L’usine GEAT de Batna s’est invitée dans la cour des grands en exportant ses premières turbines en 2021. Depuis, les commandes s’enchaînent. Dans un marché mondial sous tension, où la demande dépasse largement les capacités de production, la coentreprise algéro- américaine parvient à se frayer une place parmi les acteurs dominants.
Le contexte joue en faveur du pays. Le marché international traverse une période de tension inédite. Cette année, la demande devrait atteindre 60 gigawatts, soit une hausse de plus de 34 %, un record depuis une décennie, selon un rapport de la plateforme Attaqa. À titre de comparaison, les capacités de production mondiales tournent autour de 70 gigawatts. Dit autrement, il manque de la marchandise, les délais s’allongent et les prix grimpent.
Ce marché oligopolistique est contrôlé par 25 géants industriels répartis dans 40 usines planétaires. Mais avec une demande qui explose, il y a de la place pour de nouveaux venus, à condition d’avoir le savoir-faire et les appuis qu’il faut.
L’Arabie Saoudite prend la main régionale
L’Arabie Saoudite n’a pas attendu. Dès 2016, Riyad lançait son projet d’assemblage local de turbines chez Siemens Energy à Dammam, issu d’un accord datant de 2011 avec Aramco et Saudi Electricity Company. Un premier pas vers l’autonomie énergétique et industrielle.
Le vrai changement s’est manifesté en juillet 2024 avec l’inauguration de l’usine de GESAT, coentreprise entre General Electric et le fonds saoudien Djoussur. Cette fabrique peut sortir entre 8 et 10 turbines par an, ce qui place d’emblée GESAT parmi les dix premiers producteurs mondiaux. Djoussur a même renforcé l’arsenal en 2017 en créant un centre de maintenance complet pour les turbines Mitsubishi Hitachi Power Systems, destiné à couvrir toute la région.
L’Algérie entre en production
L’Algérie suit une trajectoire similaire, mais en démarrage plus tardif. En 2014, Sonelgaz s’associe à General Electric pour créer GEAT -General Electric Algeria Turbines -basée à Aïn Yagout, dans la wilaya de Batna. L’installation occupe une vingtaine d’hectares et s’organise autour de quatre unités : fabrication de turbines à gaz (100 à 300 MW), turbines à vapeur (50 à 160 MW), générateurs électriques et systèmes de contrôle.
L’usine a franchi un vrai seuil en 2021 en exportant ses deux premières turbines vers le Moyen-Orient- une première africaine. Ces deux machines doivent permettre de générer quelque 500 MW. La confiance des acheteurs semble au rendez-vous : en août 2022, Batna expédie une turbine aux Pays-Bas pour 1,375 million de dollars.
Depuis, le carnet de commandes s’étoffe.
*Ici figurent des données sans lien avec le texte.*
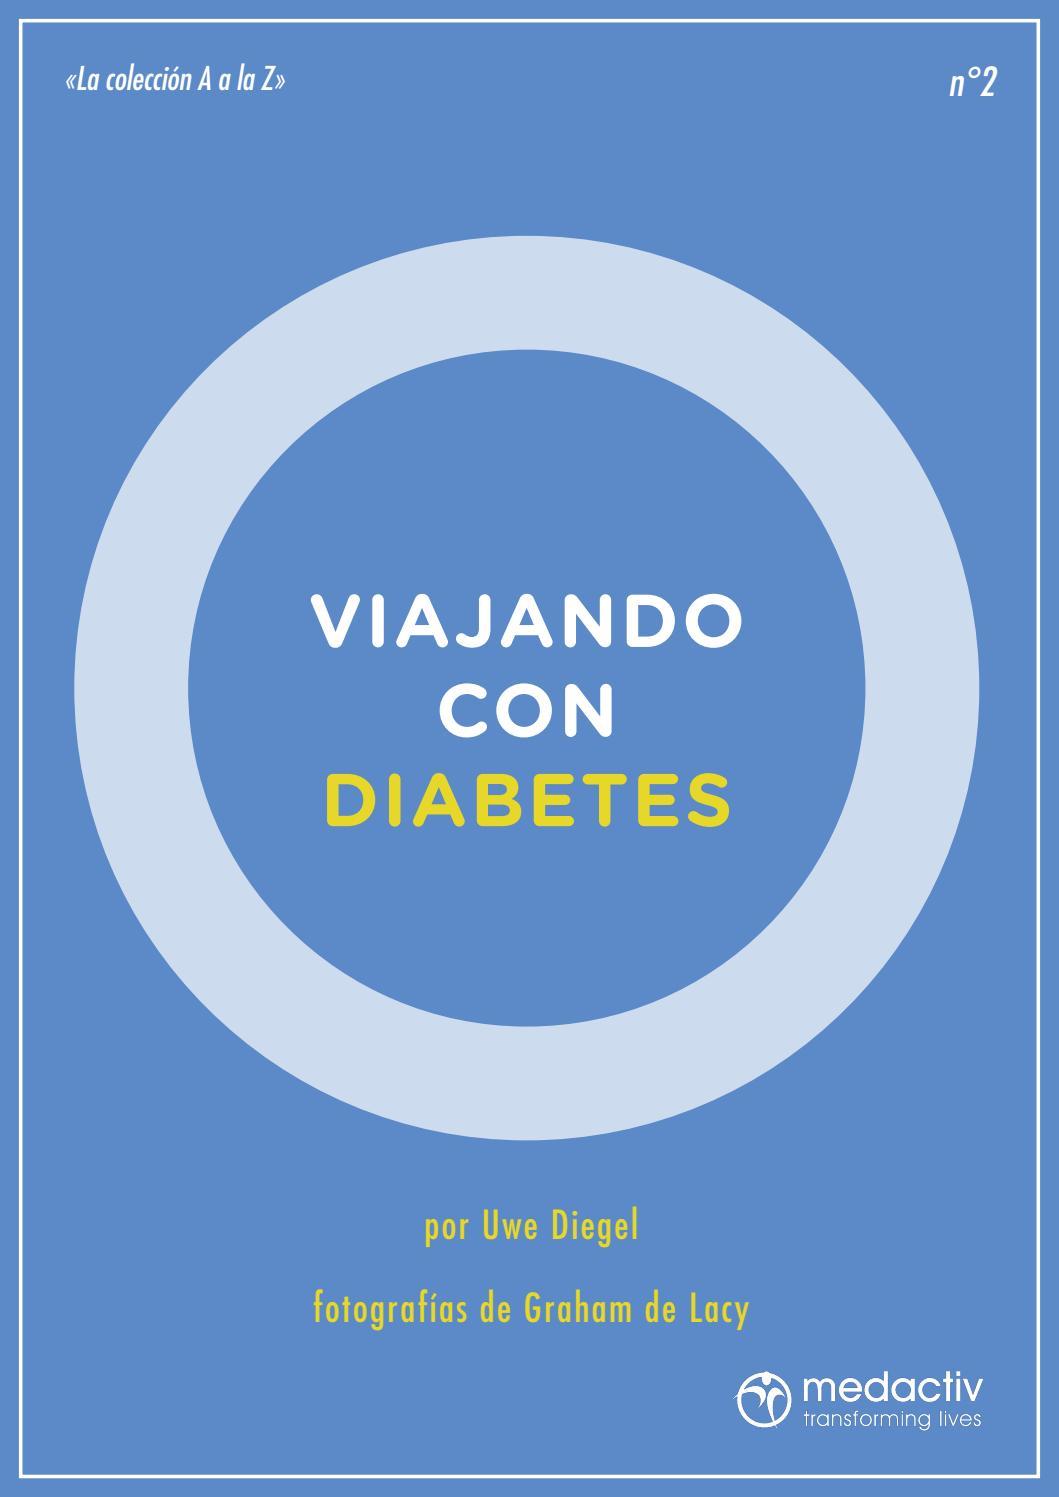 diabetes tableta o lado de la insulina

En 2024, GEAT conclut un accord pour augmenter ses capacités de production. En avril 2025, Sonelgaz et GE signent de nouvelles lettres d’intention avec un client moyen-oriental. Plusieurs pays africains sont en pourparlers.
Un œil tourné vers la Syrie
L’Algérie ne cache pas ses ambitions régionales. La Syrie, engagée dans la reconstruction de son infrastructure électrique, représente un marché potentiel. Pour l’heure, aucune négociation officielle n’est lancée, mais les milieux industriels affirment que la capacité algérienne est prête à honorer une grosse commande dès que les conditions politiques et financières s’y prêteront.
L’atout algérien ? Deux choses qui comptent beaucoup en ce moment : des prix qui ne s’envolent pas et une qualité reconnue aux standards internationaux. Chose qui est rare dans ce secteur où les délais s’allongent et les tarifs explosent.